*Problem statement*.
In the entries below, repeat only the lines between those holding "Analysis of the" and "ANKLE BOOTS - 3", inclusive. Leave pictures out.

*Information given*.
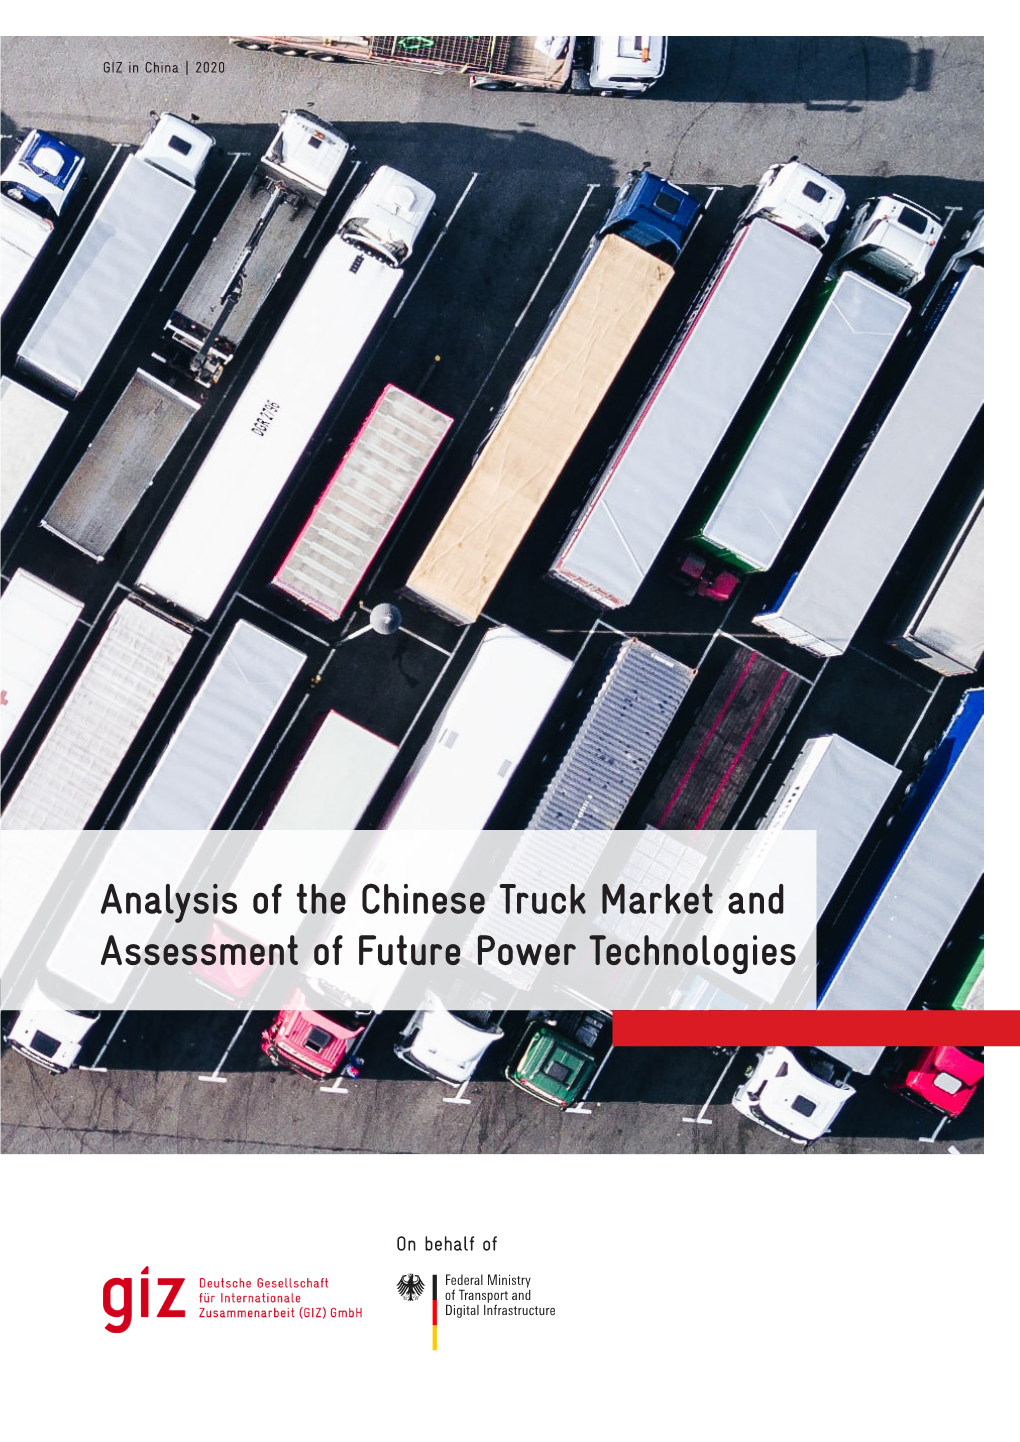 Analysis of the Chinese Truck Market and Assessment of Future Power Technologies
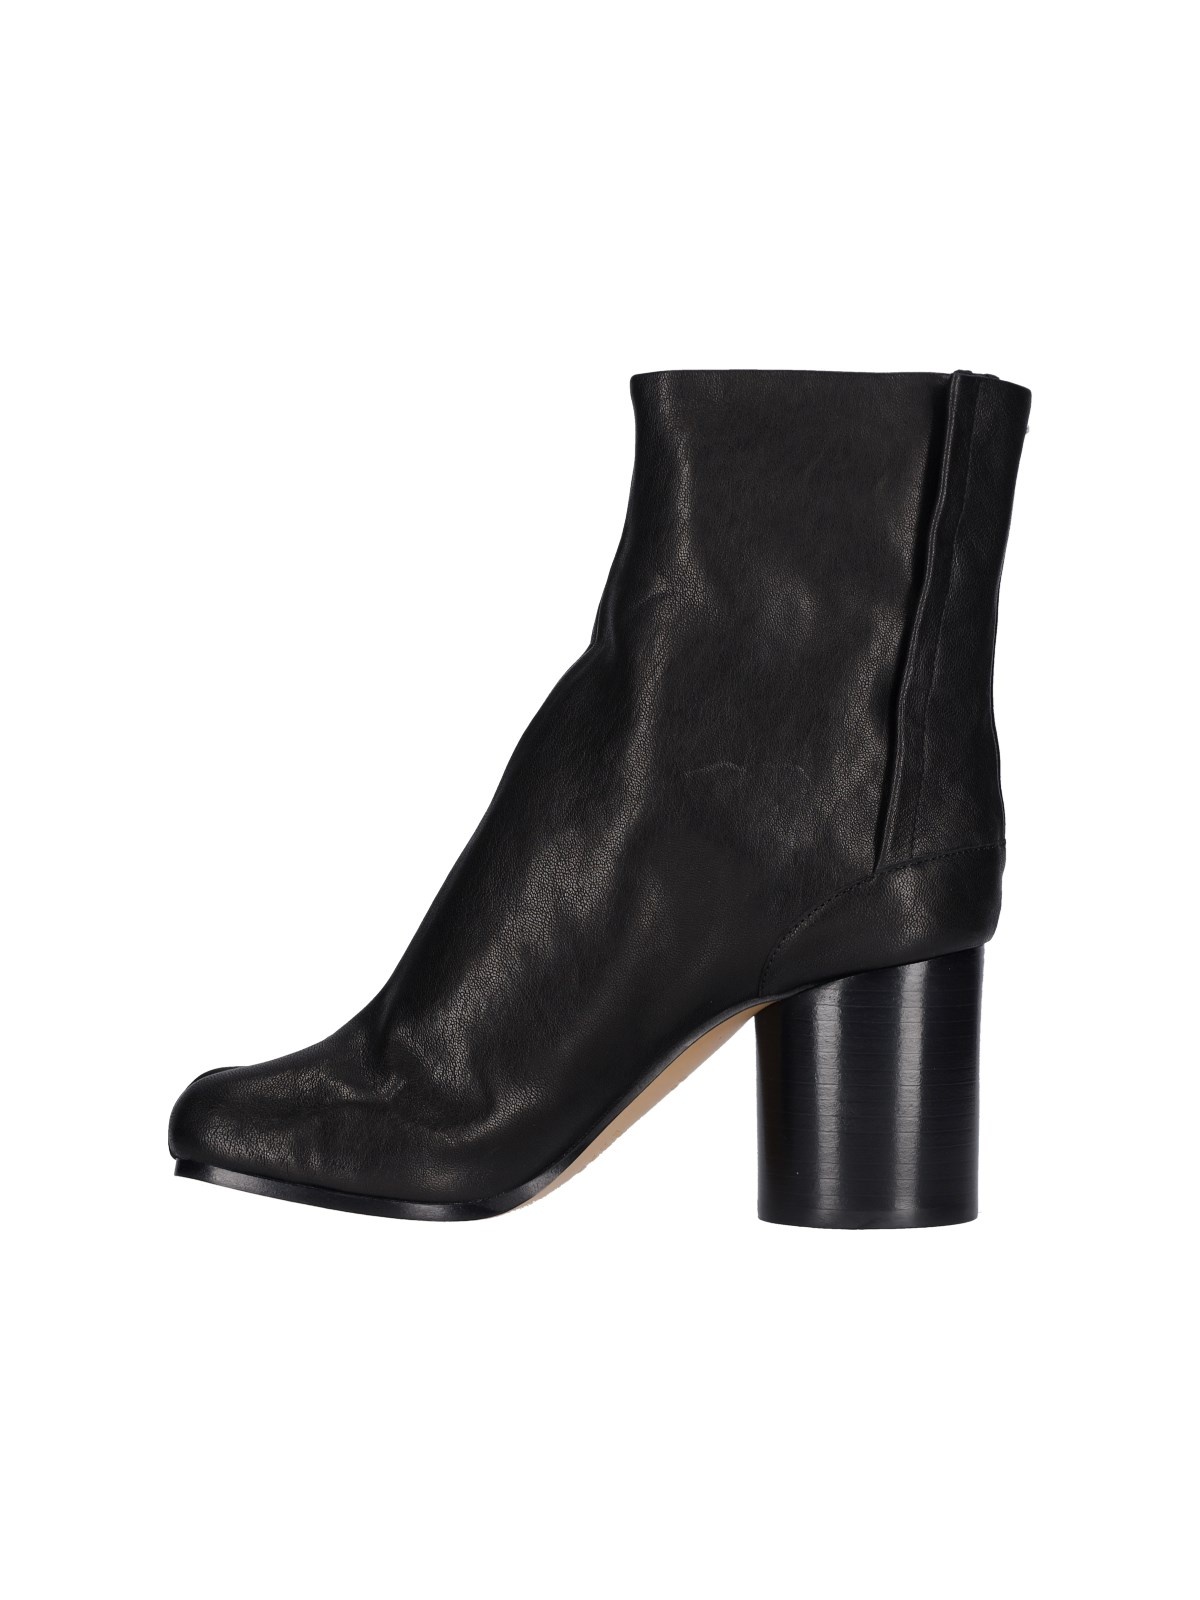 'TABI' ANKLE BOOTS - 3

...

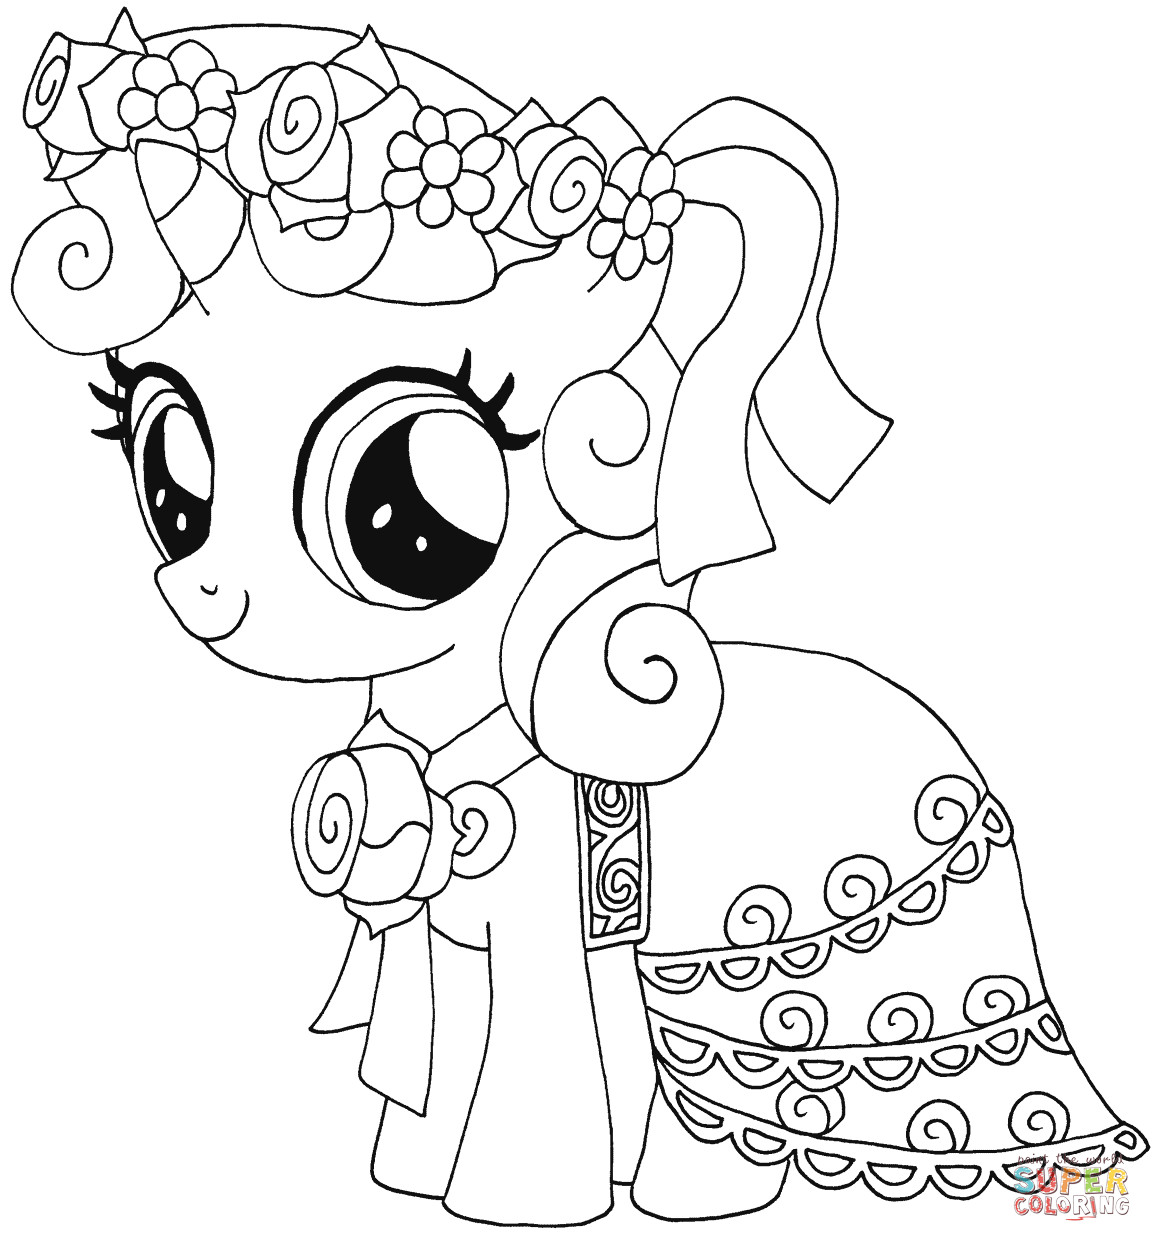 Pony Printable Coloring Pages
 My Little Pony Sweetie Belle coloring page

*Answer section*.
 Analysis of the Chinese Truck Market and Assessment of Future Power Technologies
 'TABI' ANKLE BOOTS - 3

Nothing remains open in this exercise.